| home

Comparing SAE using sample splitting. Our approach introduces cross validation schemes that preserve stratification and clustering from complex survey designs. We define error metrics that assess model accuracy in estimating finite population prevalence using direct estimates. We further develop a decomposition formula for the naive squared error estimates from the cross validation, which leads to finite sample adjustments to improve the scoring metrics.
Prevalence mapping for categorical data, For area-level models, we apply continuation-ratio logit transformations to design-based direct estimates and model the transformed outcomes using a multivariate Fay–Herriot model. We also explore extending similar random effect construction to unit-level models, where we directly model cluster-level categorical response.

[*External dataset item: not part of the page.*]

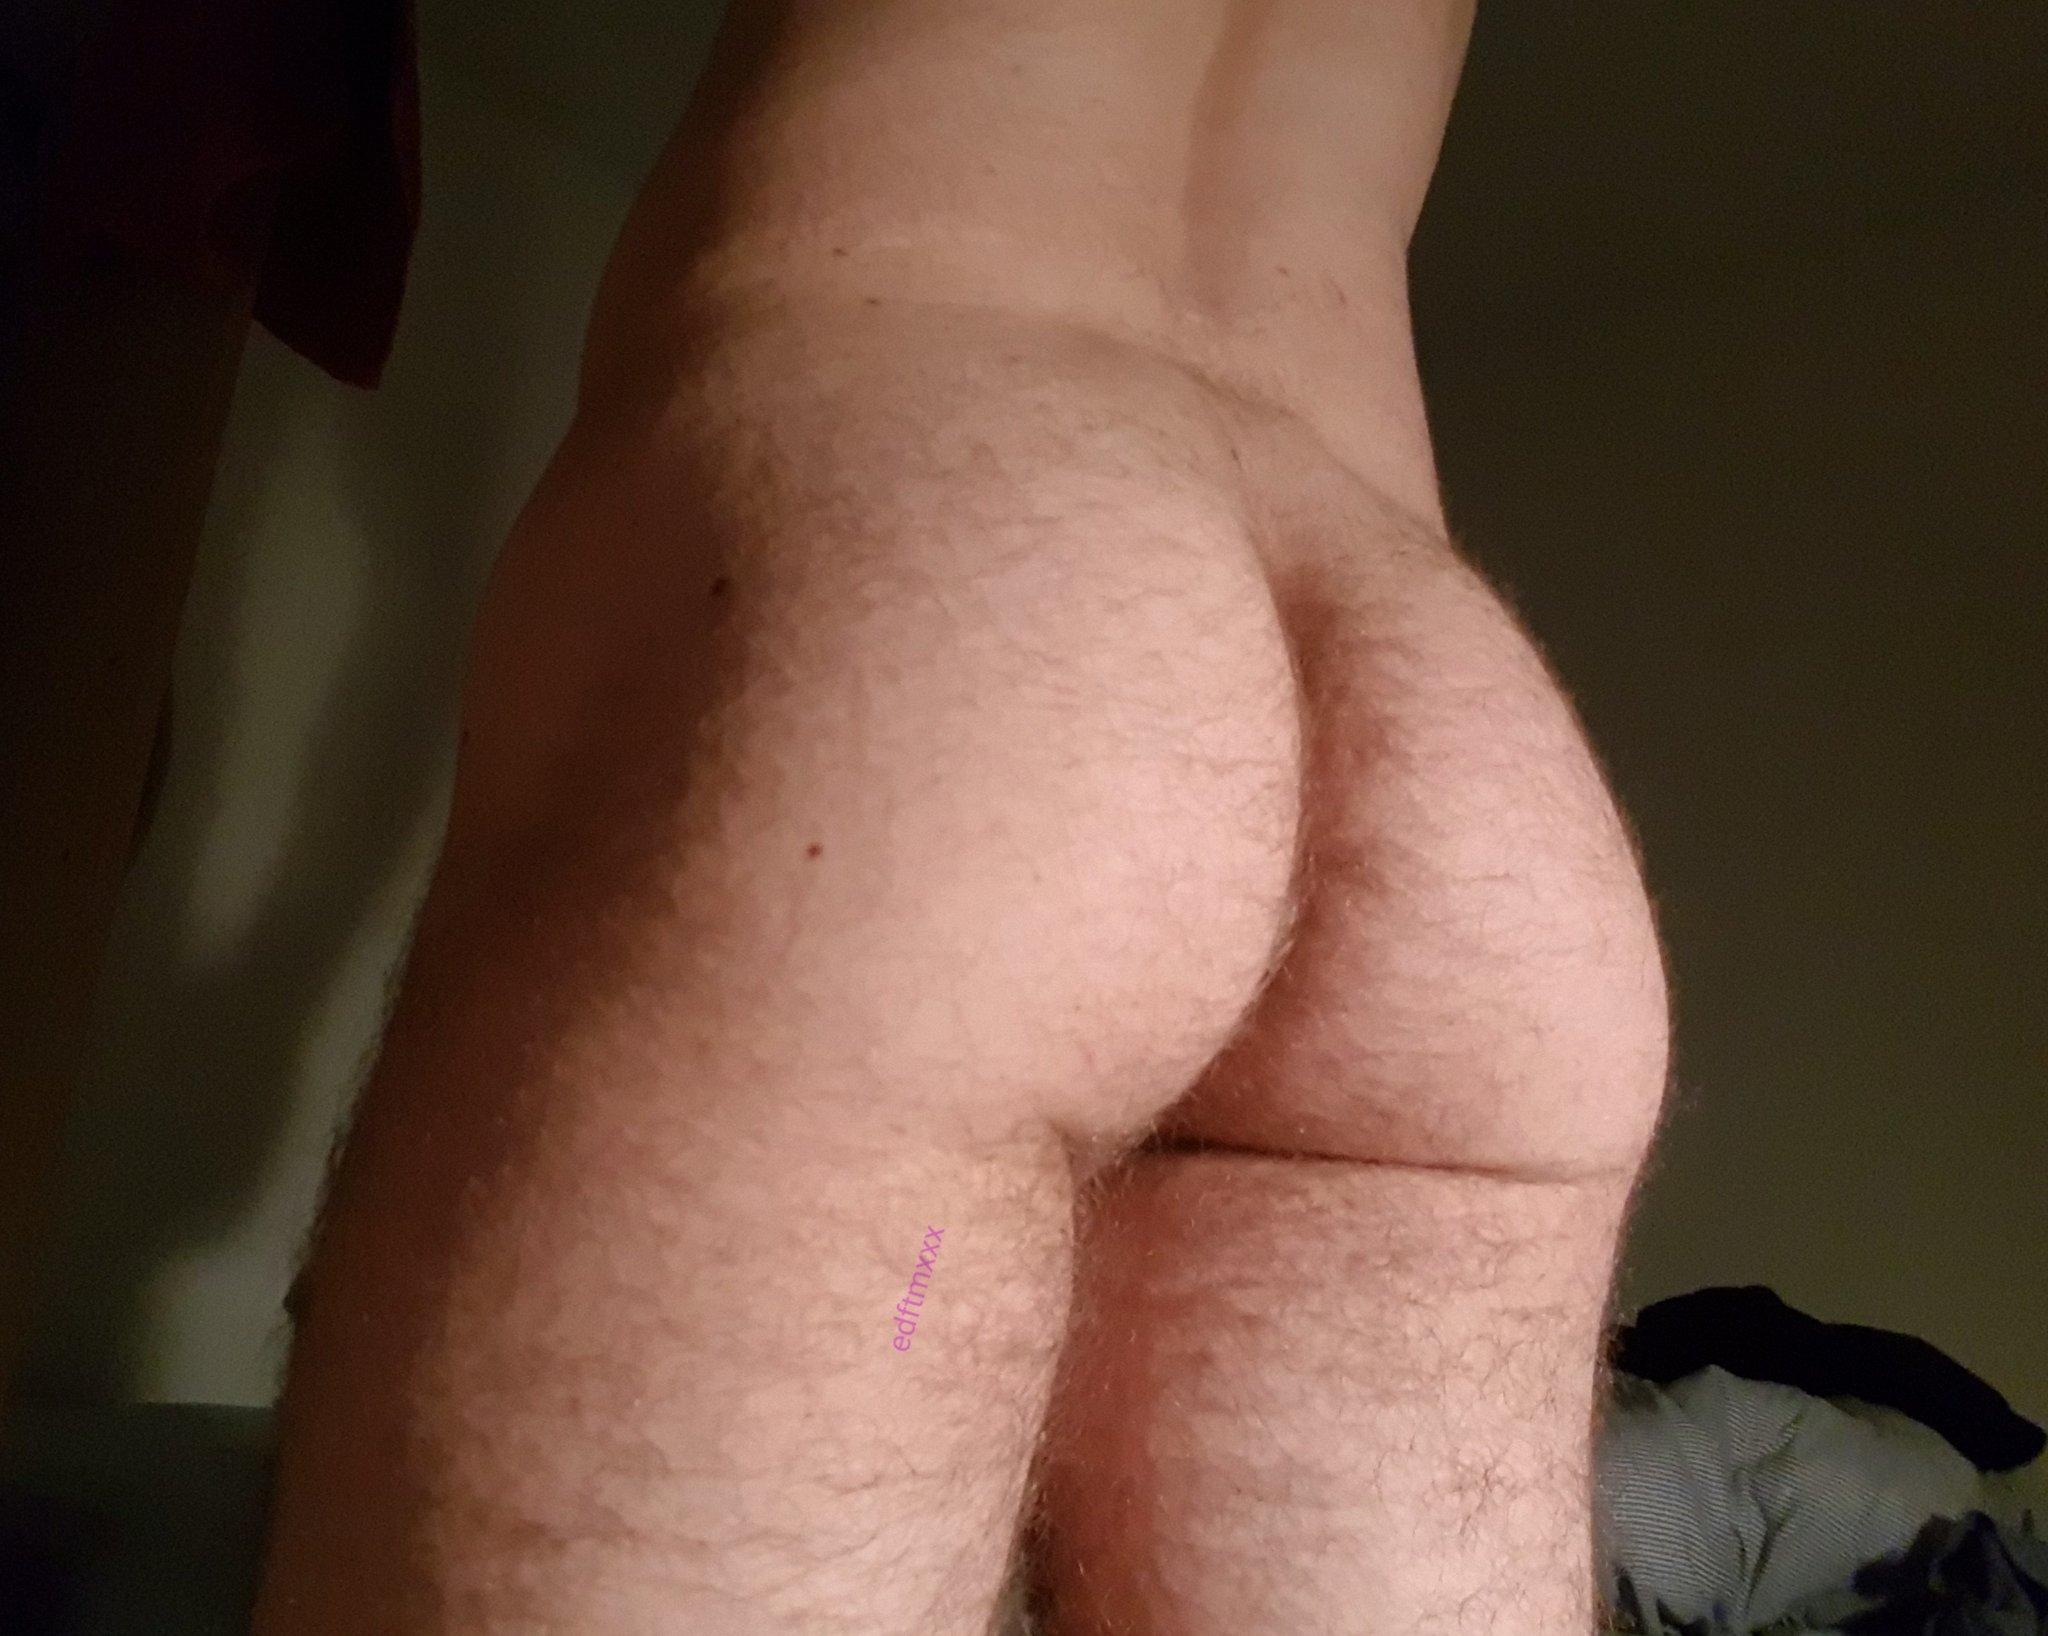 “Wondering if I should shave my ass or keep it hairy🍑

htt...

Softwear I have been paticipted in developing:
- surveyPrev: R package for processing, modeling, and visualizing the prevalence of binary health indicators in Demographic and Health Surveys (DHS). [cran] [github]

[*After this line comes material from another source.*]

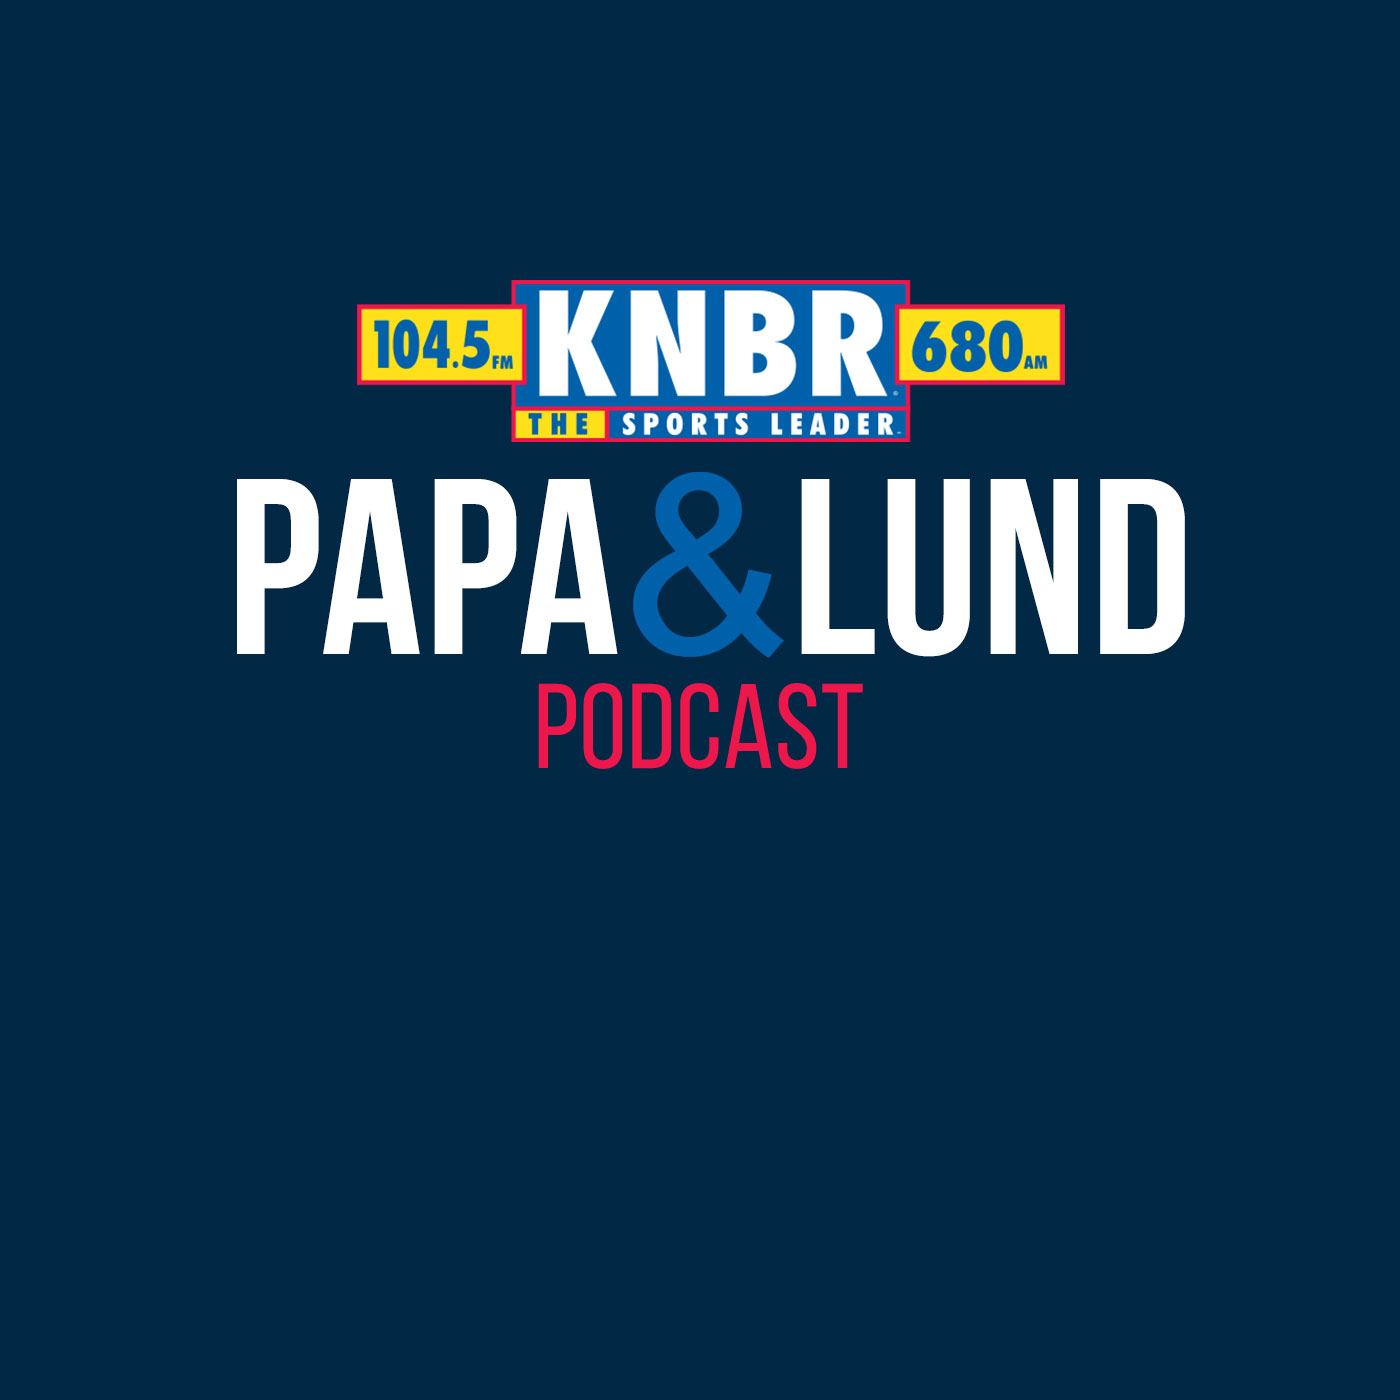 6-17 Kurt Helin joins Papa & Lund to discuss if there should be concern with Klay Thompson unfollowing the Warriors on social media and how free agency can shake out for Klay and the Warriors

- sae4health: R ‘shiny’ application for generating subnational estimates and prevalence maps of 150+ binary indicators. [shiny][cran]
- Multi-Indicator SAE Estimates: website providing pre-calculated estimates for selected countries and indicators. [website]
More software details can be find here.

We applied machine learning methods, including XGBoost and feature-importance techniques, to study racial/ethnic differences in social determinants of mild cognitive impairment and its progression to dementia in the All of Us Research Program.

We Developed a Bayesian spatio-temporal model for opioid-related outcomes (deaths and emergency-department visits) across 100 counties in North Carolina and predicted future outcomes under multiple resource-allocation scenarios and proposed an optimization criterion aimed at minimizing opioid-related harms.